We have tested [Sybil:honest] connection ratios of up to 40:1 and compared the performance of GossipSub against: i) Bitcoin’s broadcast/flooding protocol, ii) ETH1.0’s sqrt(N)-based propagation protocol (where N is the estimate of the total number of nodes in the network).
We have run hundreds of tests tweaking and playing with several parameters of the protocol in order to investigate all aspects of its performance and understand its behavioural patterns. Our results have clearly demonstrated that none of the attacks is able to bend the performance of GossipSub to the point where it can become a risk for the blockchain network running on top!
In some attacks, such as the network-wide Eclipse attack, the performance is not affected at all, as Sybils are efficiently excluded from the mesh from the onset.

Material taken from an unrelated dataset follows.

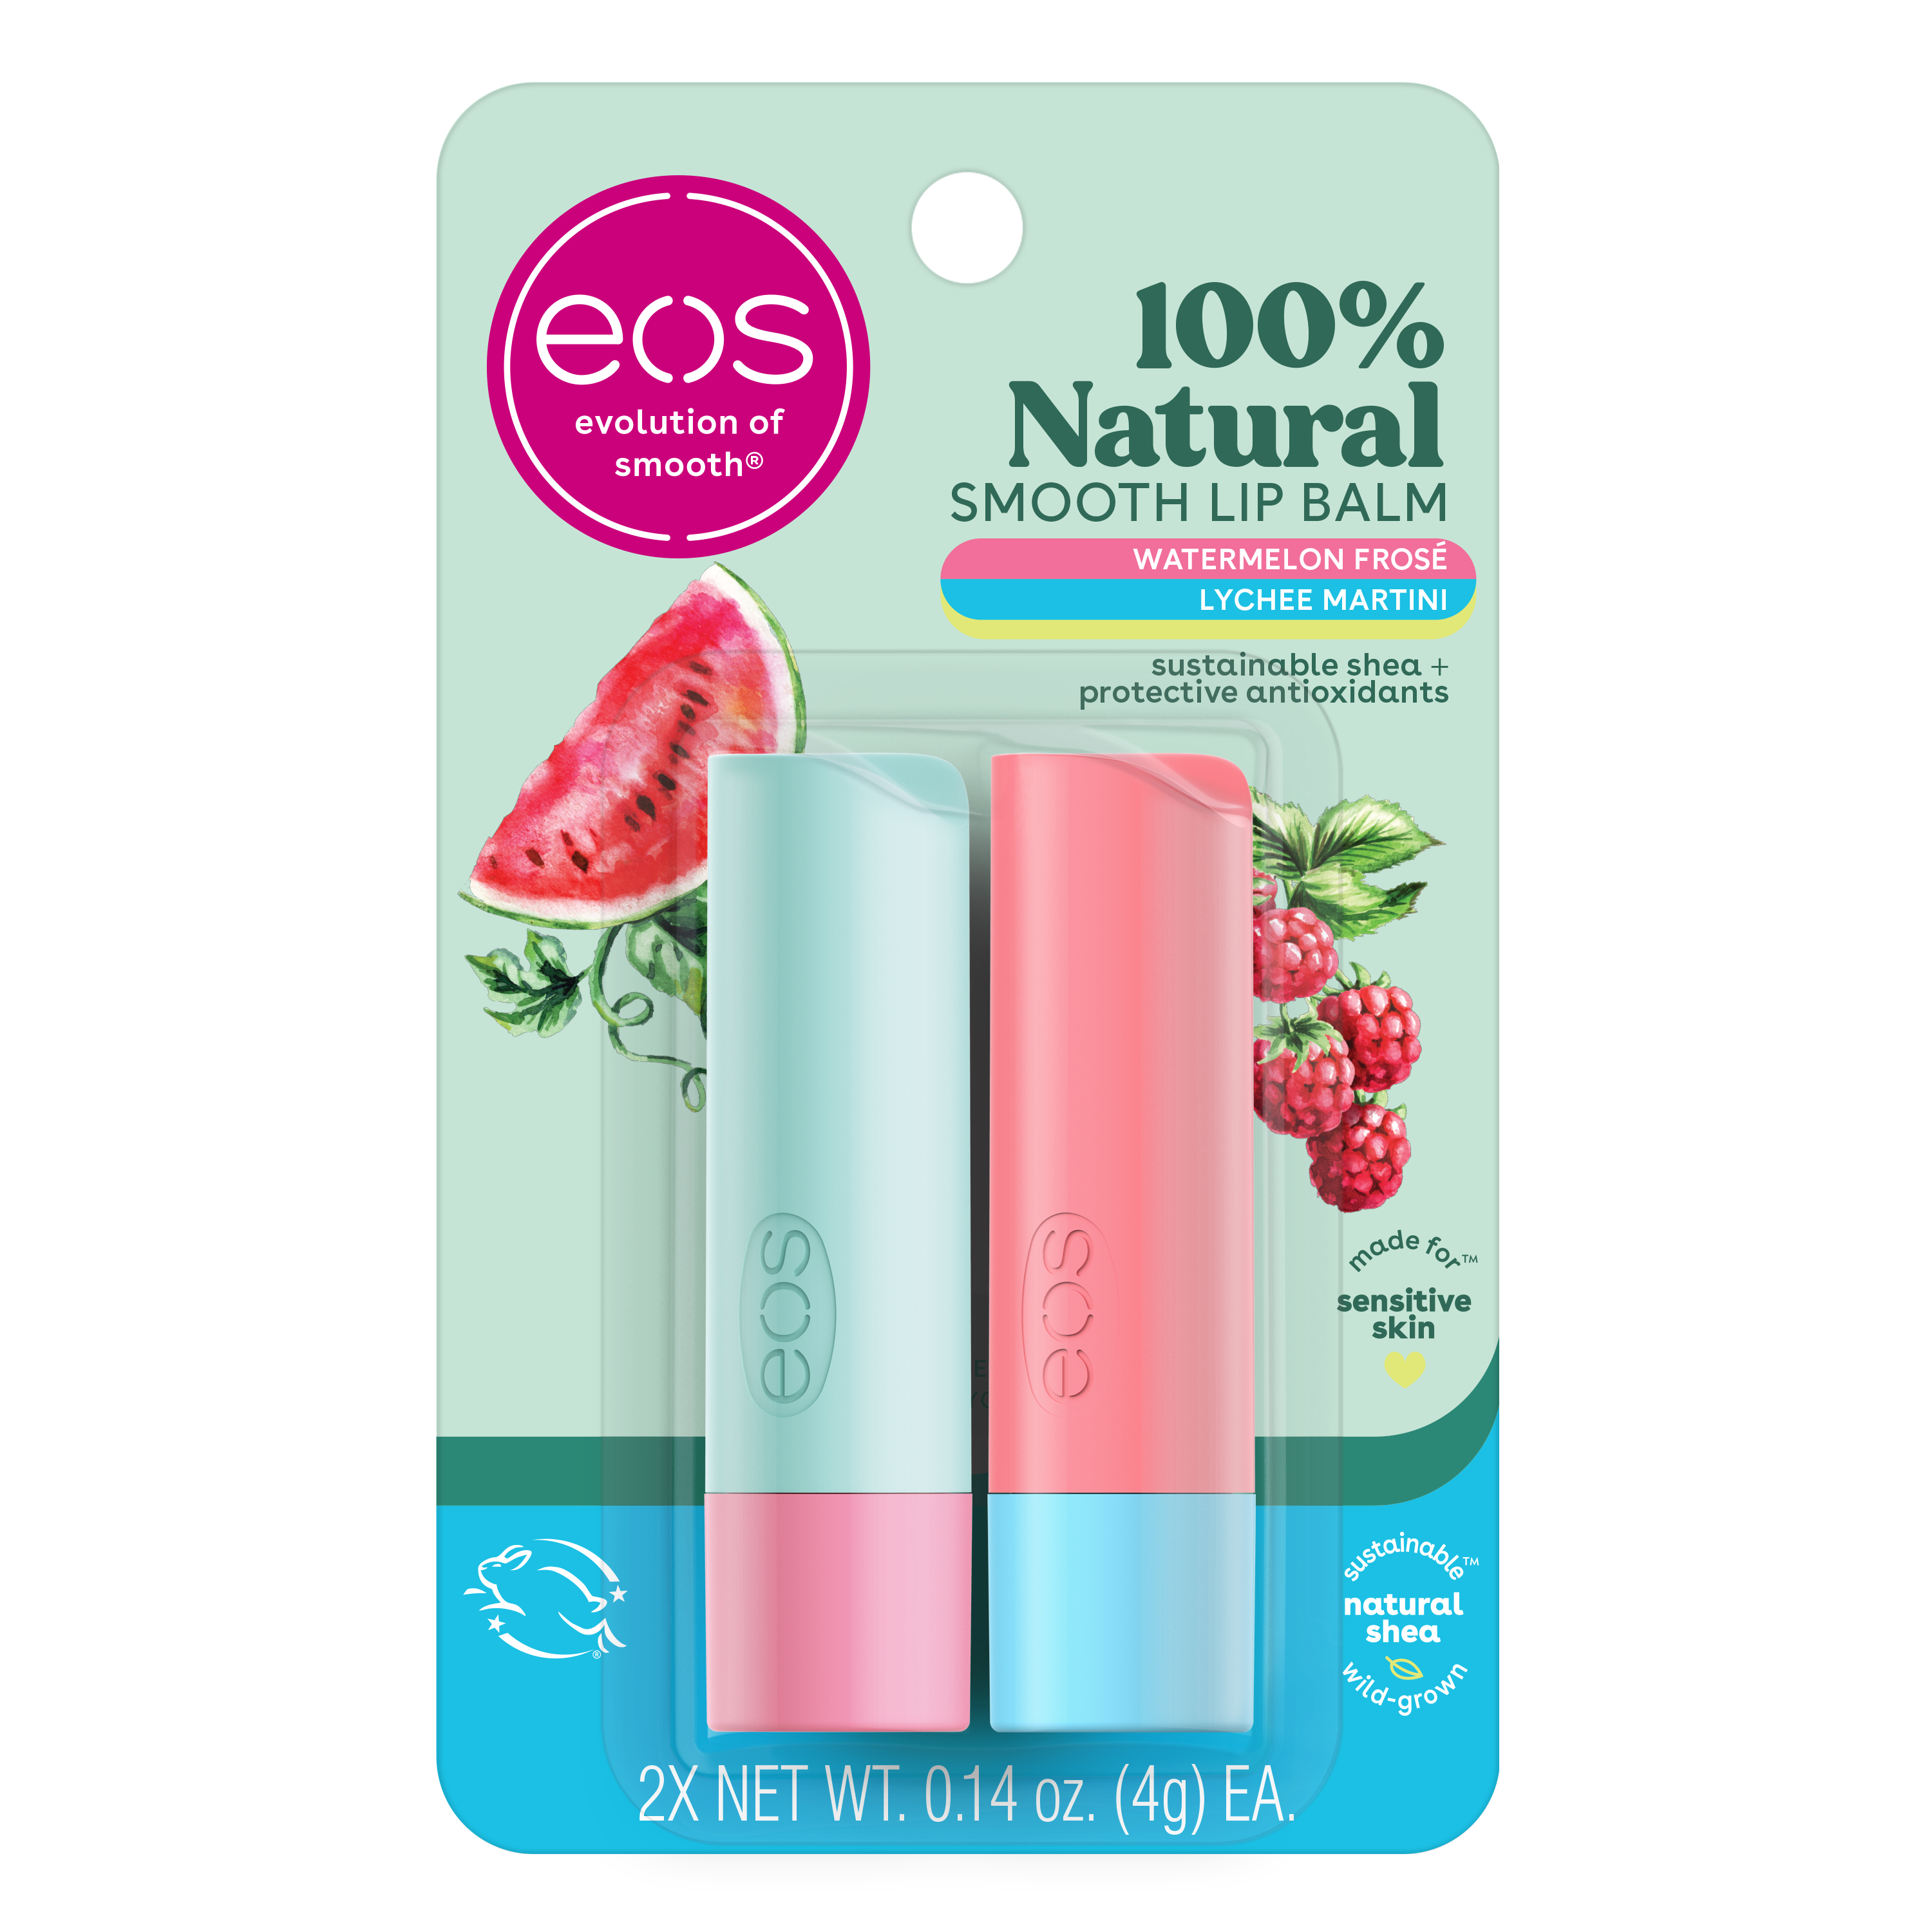 eos 100% Natural Lip Balm - Watermelon Frosé and Lychee Martini | 0.14 oz/2pk - image 1 of 7

In some other cases, where more sophisticated attacks such as the Cold Boot Attack are tested, performance is slightly affected, but does not effectively impact the operation of the blockchain network (i.e., the 6 second deadline of Filecoin is never missed).
In contrast, propagation protocols without any security measures — in our test case, the Bitcoin and ETH1.0 pubsub protocols — suffer from both message loss and extensive delays in message propagation which in turn, in turn, results in missing the deadline. In an operational environment this would have severe consequences for the blockchain network and could mean the loss of millions of dollars.
We have dug deep into the behaviour of the protocol in order to cover all edge and corner cases that could present attack vectors. Among other things, we have captured the number of connections that peers maintain to honest peers vs. those they maintain to attacker peers.
It is impressive to see that in the worst of attacks, the Covert Flash Attack, the protocol recovers the mesh in record time — within 2 minutes of the attack being launched — without affecting message delivery performance.
GossipSub ticks all the boxes for a secure operation under all identified attacks. The protocol is deployed and operates on the Filecoin Testnet, which currently has more than 350 operational miner nodes and 400 Petabytes in storage capacity. The protocol has been operating flawlessly, validating our design decisions in an operational environment. GossipSub has been adopted and is currently being deployed on the ETH2.0 blockchain.
The team has put a tremendous amount of effort into designing, building, and testing the protocol, and we are excited to see its performance in the Filecoin mainnet. We are looking forward to the Filecoin and ETH2.0 mainnet launch, which will allow us to monitor the protocol’s performance and gather measurements from the operational environment.